Semantic caching.
25 April 2026
Semantic caching embeds an incoming request, looks up the nearest prior request above a similarity threshold, and returns that prior response instead of calling the model. When it works, it cuts spend 20–40% on the affected endpoint with zero added latency. When it doesn't, it returns wrong answers — and you get told about it on Twitter.
Where it works
- RAG retrieval where the corpus is stable. Documentation Q&A, internal knowledge bases, product help.
- Classification and tagging. Sentiment, intent, content moderation — the inputs cluster naturally.
- High-volume customer support flows with a long tail of duplicated questions.
- Boilerplate generation — legal clauses, marketing variants, templated emails.
Where it breaks
- Personalized output. "Summarize my last 3 emails" must never hit a cache from another user. Scope keys to user/session.
- Time-sensitive answers. Stock prices, news, schedules. Use TTLs aggressively or skip the cache entirely.
- Long-context, low-repetition workloads like fresh document analysis. Hit rate stays under 5% — not worth the embedding cost.
- Anything where "approximately right" is wrong. Code generation, financial calculations, medical.

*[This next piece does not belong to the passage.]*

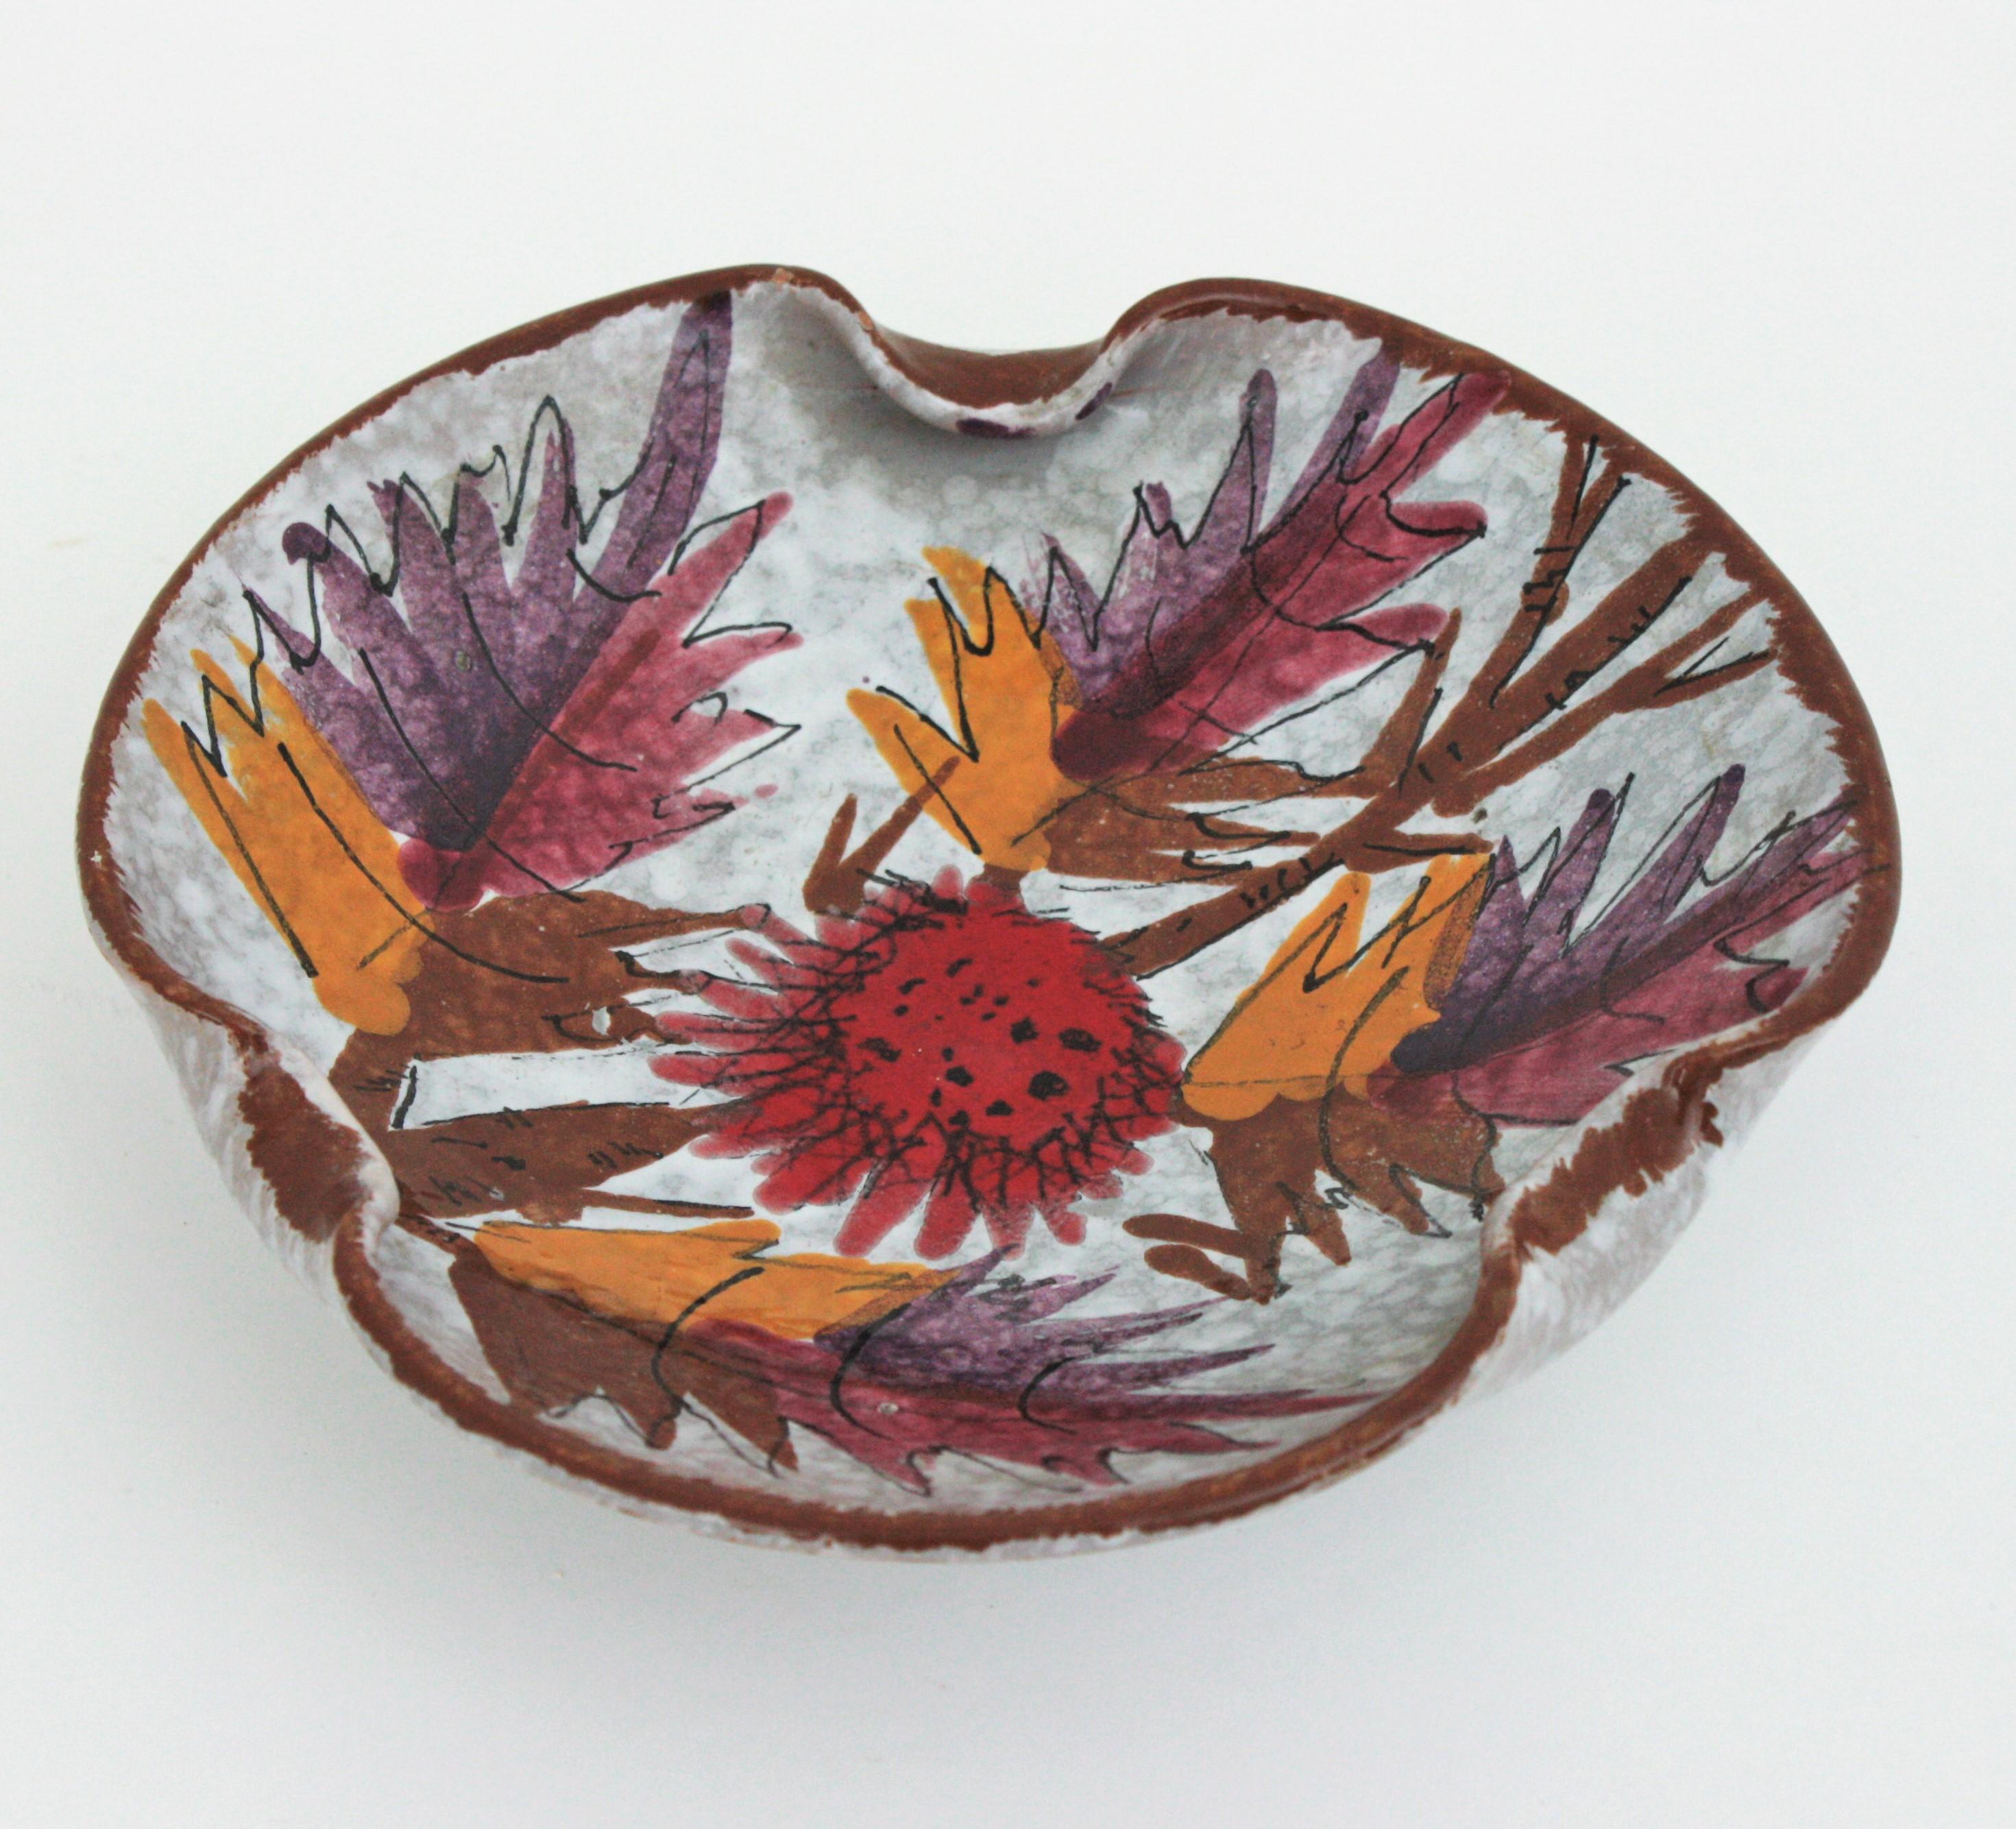 Midcentury Decorative Bowl in Glazed Terracota and Foliage Motif For Sale 2

Picking a similarity threshold
This is the lever that destroys quality if you set it wrong. Defaults we use as a starting point (cosine similarity on `text-embedding-3-small`):
| RAG retrieval | 0.95 |
| Classification | 0.92 |
| Customer support | 0.97 |
| Boilerplate | 0.90 |
Tune by sampling 200 cache hits per endpoint, judging each pair (input, served-from-cache response) with an LLM-as-judge + human spot-check. If precision drops below 95%, raise the threshold.
Implementation cost
Embedding tokens are not free. At `$0.02 / 1M tokens` for `text-embedding-3-small`, the embedding cost is negligible vs. a frontier-model call — but if you embed every request and your hit rate is 3%, you're paying for embeddings without the savings to justify them. Measure hit rate before scaling.
Stack we typically use
- Embedding model: `text-embedding-3-small` (default), Voyage `voyage-3` or Cohere `embed-v3` for domain-specific corpora.
- Vector store: pgvector for <5M entries, Qdrant or Pinecone above that.
- Gateway: LiteLLM with custom cache backend, or Helicone's built-in semantic cache.